Diagram of a typical U.S. sanitary landfill Diagram of a typical U.S. sanitary landfill (Click to expand)
Landfills are typically constructed using engineered mounds of layered waste on top of an impermeable layer of clay or other waterproof material. Keeping control of the water in the landfill is paramount and landfills are often designed with leachate pipes (perforated pipes below the waste but above the waterproof layer) that collect water that has percolated down through the landfill and waste materials. This water can then be treated and released or used for other activities. The leachate pipes and pumps prevent the accumulation of water underneath the landfill and on top of the water proof layer, making leaks into groundwater or nearby waterways less likely. Other vertical pipes may be used to collect methane gas that can be used on site to generate electricity. Once a landfill is “full” or is no longer used (e.g. the urban area has grown around the landfill and residents don’t want an active, smelly landfill near their homes), the landfill will be capped with an impermeable clay layer or phytocapped (using soil and plants) to prevent water infiltration into the landfill. Essentially, the landfill is sealed. Groundwater monitoring wells outside the landfill are active during the life of the landfill and after to detect contamination from the landfill if it leaks into the groundwater.

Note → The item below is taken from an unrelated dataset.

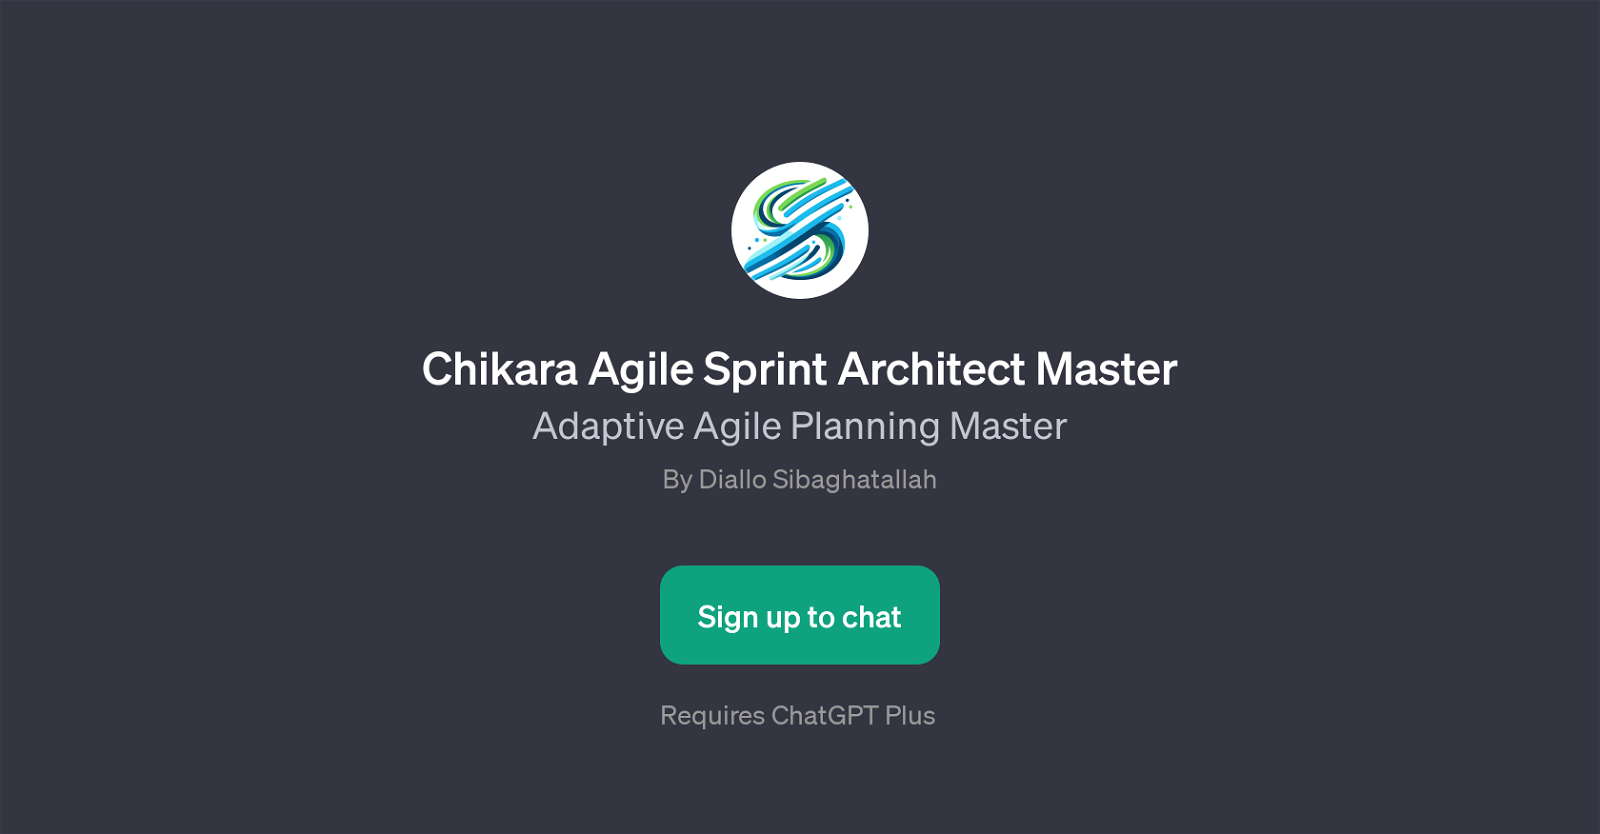 Chikara Agile Sprint Architect Master website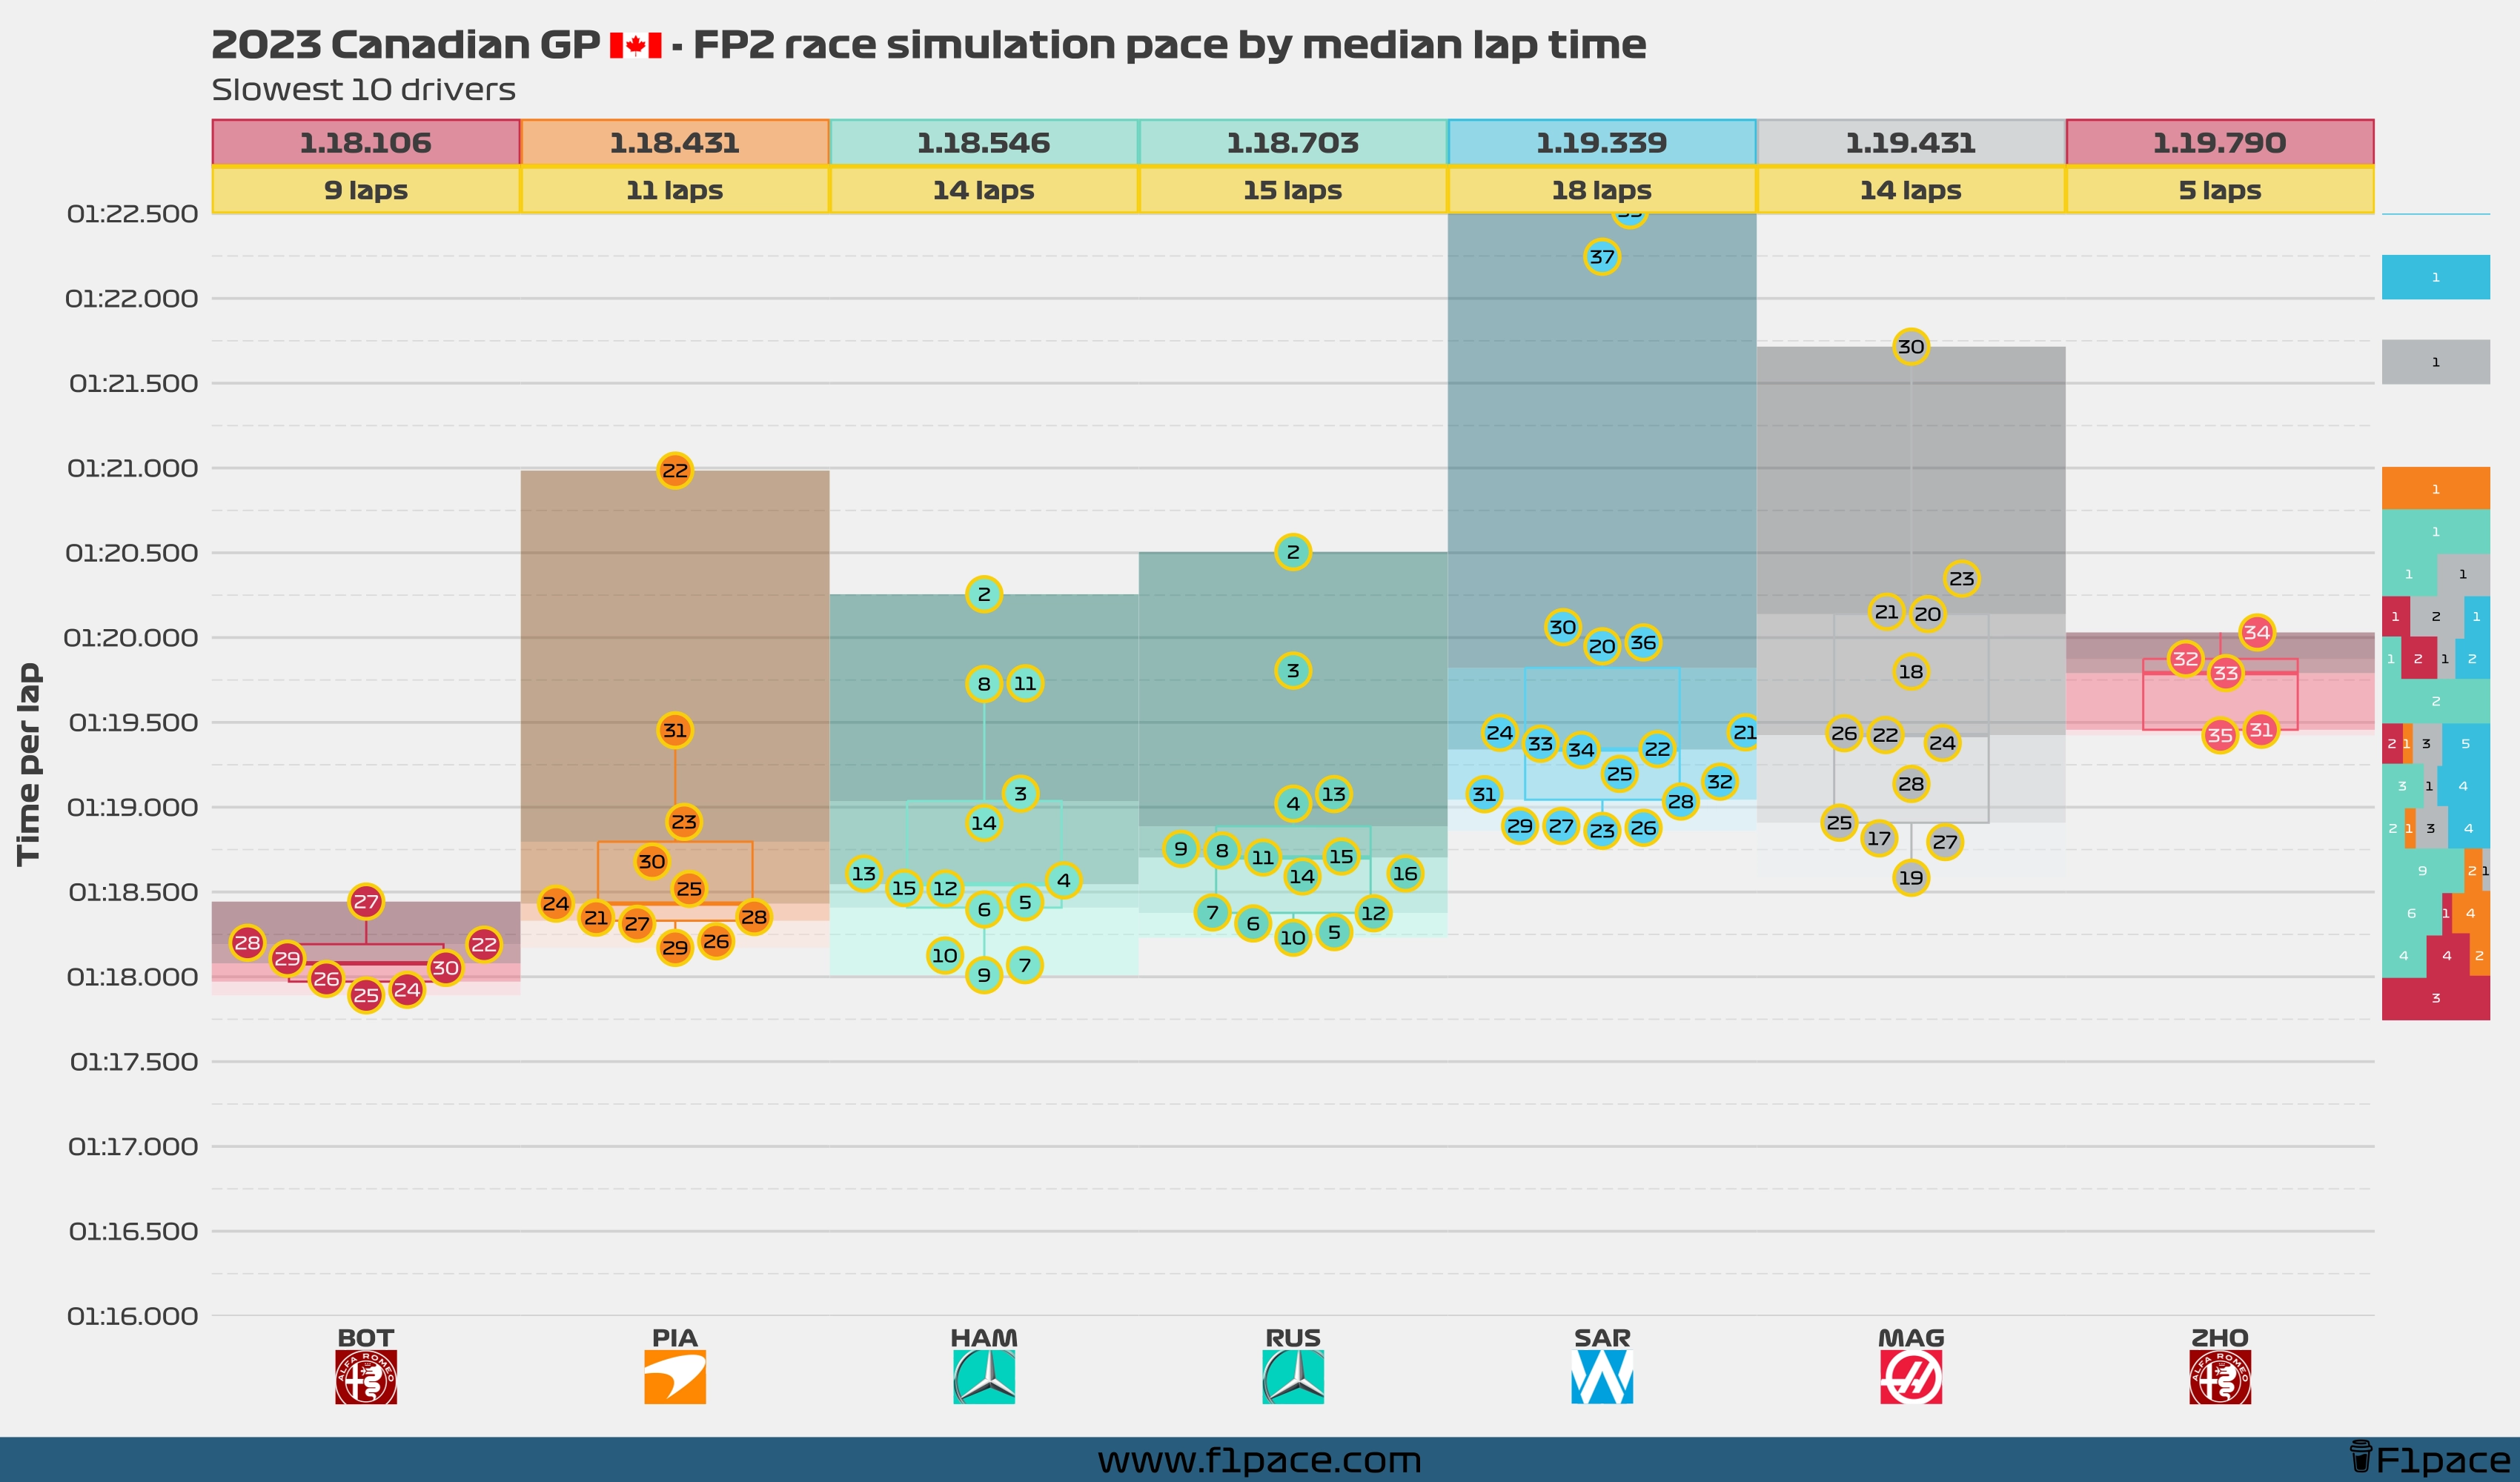 Race simulation pace: Bottom 10 drivers

Sanitary landfills are a great improvement on open or unregulated dumping. It is much easier to manage the environmental impacts of millions of tons of waste in several places than it is to deal with widely distributed litter and uncontained waste. However, there are still environmental issues with sanitary landfills including poorly sited landfills near water courses or close to groundwater supplies, inadequate wetness that decreases decomposition rates of degradable waste, and too much water that manages to leak either through or around the waterproof liner of the landfill. Landfills are often considered unfit for most purposes after they are closed, although clever use of soils and plants (i.e. phytocapping) can convert some completed landfills into parks and open woodlands that provide some ecological benefits. Building new landfills is getting more difficult too. If land is scarce or it’s politically unpopular to site new landfills in suburban or exurban areas, governments may export their solid waste to other countries with less stringent environmental or health regulations.